04 February 2014: Nifty Elliott wave analysis: Another brutal gap down coming. Nifty to get support only in the range of 5930 to 5900 now. We are at 4 month’s low and heavily oversold in short term.

You must read previous articles and watch the given chart carefully to understand this article completely.



For 04 February 2014: -
On 03 February 2014, FII Sold INR 735.73 crs and DII Sold INR 70.35 crs
It is all around panic in the lack of even single good news in stock market. DOW market tumbled last night on the fear of returning of slowdown in economy. Eventually, DOW JONES has closed below 200 DMA. So, we are on another gap down now.
I always say that gaps are most troubling part of trading. Nifty has slipped from 6355 to looking like 5930 by today. Nearly 25% fall goes in gap down. Nifty has 200 DMA at 5973 which is also supposed to be taken out in gap down.

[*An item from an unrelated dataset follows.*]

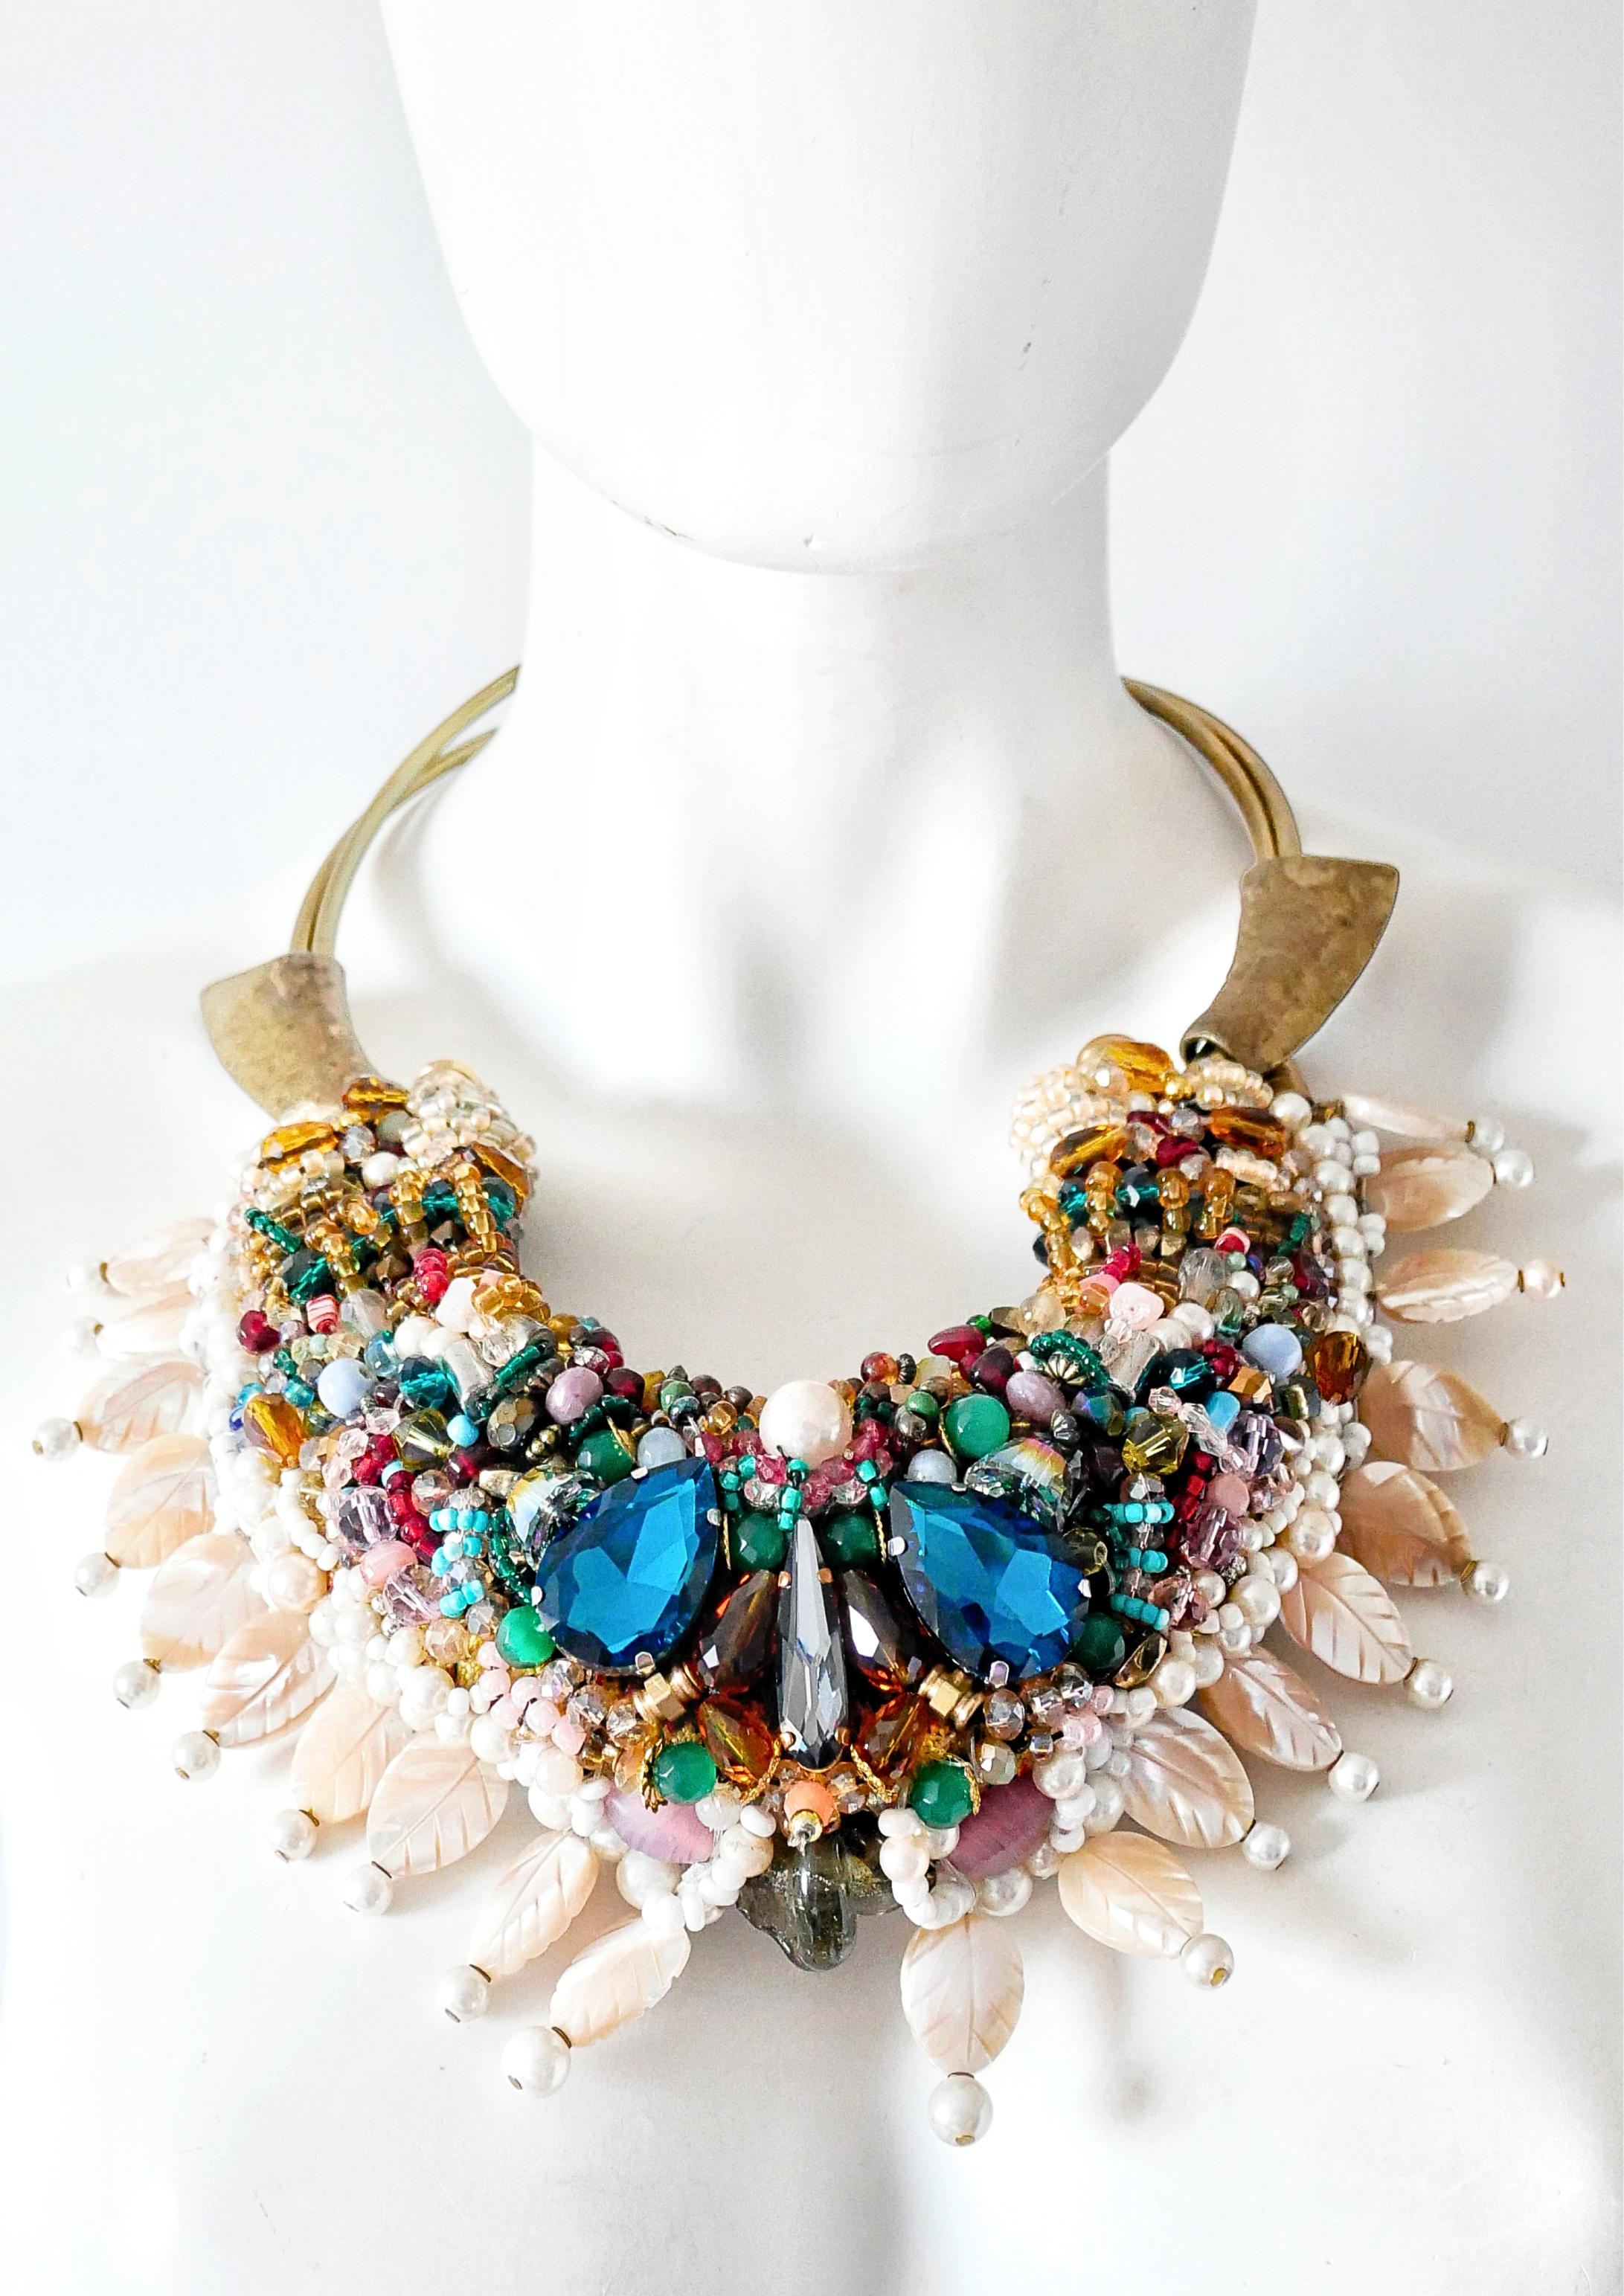 Introducing to you a mother of pearl, crystals and gemstone beaded statement collar and bib necklace. Unique and captivating, this necklace style is a masterpiece of artisanry, with an intricate design featuring rare glass beads of various colours,

It is looking like global market including India too is going through chaos and extreme panic like situation. This is definitely not needed and not going to last forever. As it has slipped from nearly all time high and coming at 200 DMA in just 8 days we can say that its heavily oversold in short term.
Nifty has support at 5970 which will not be there to act at opening due to gap down. Then next levels will be 5930 which may come into play. Do not think that stock market cannot rebound. Remember 28 August 2013 when Nifty hit a low at 5118 and since then it hit 6420 as top. Even at that time it was looking like Nifty cannot hit 5400.
I cannot quote the reasons for rebound but whenever it comes it will be sharper than the fall. Indian market has history of doing this.
Strategy for Nifty February future – Nifty February future is very likely to see a gap down of 70 points. Then we will not have anything to trade anymore. Expect some technical support at 5950 to 5930 zones. There is just one way to trade – if Nifty start forming higher high and higher low on 5 minute intraday chart. Avoid shorting market now. Visit my intraday update to see concluding trades.
S&P 500 (USA) – It was hunted beginning for the month of February as US economy data fear the return of slowdown in US economy too. After china, US is getting weaker than expected data. It has broken 1768 levels and crushed to close at 1740. There were times in US market when equity price was looking like it can never fall and now it looks like it can never gain. This is the time to quote 200 DMA which is at 1707 levels. This is overdone now and recovery can come anytime. There is one change. Now all recovery can get sold at high unless it start closing above 1800 which is really too tough now.
All negative divergence came to play in less than a week.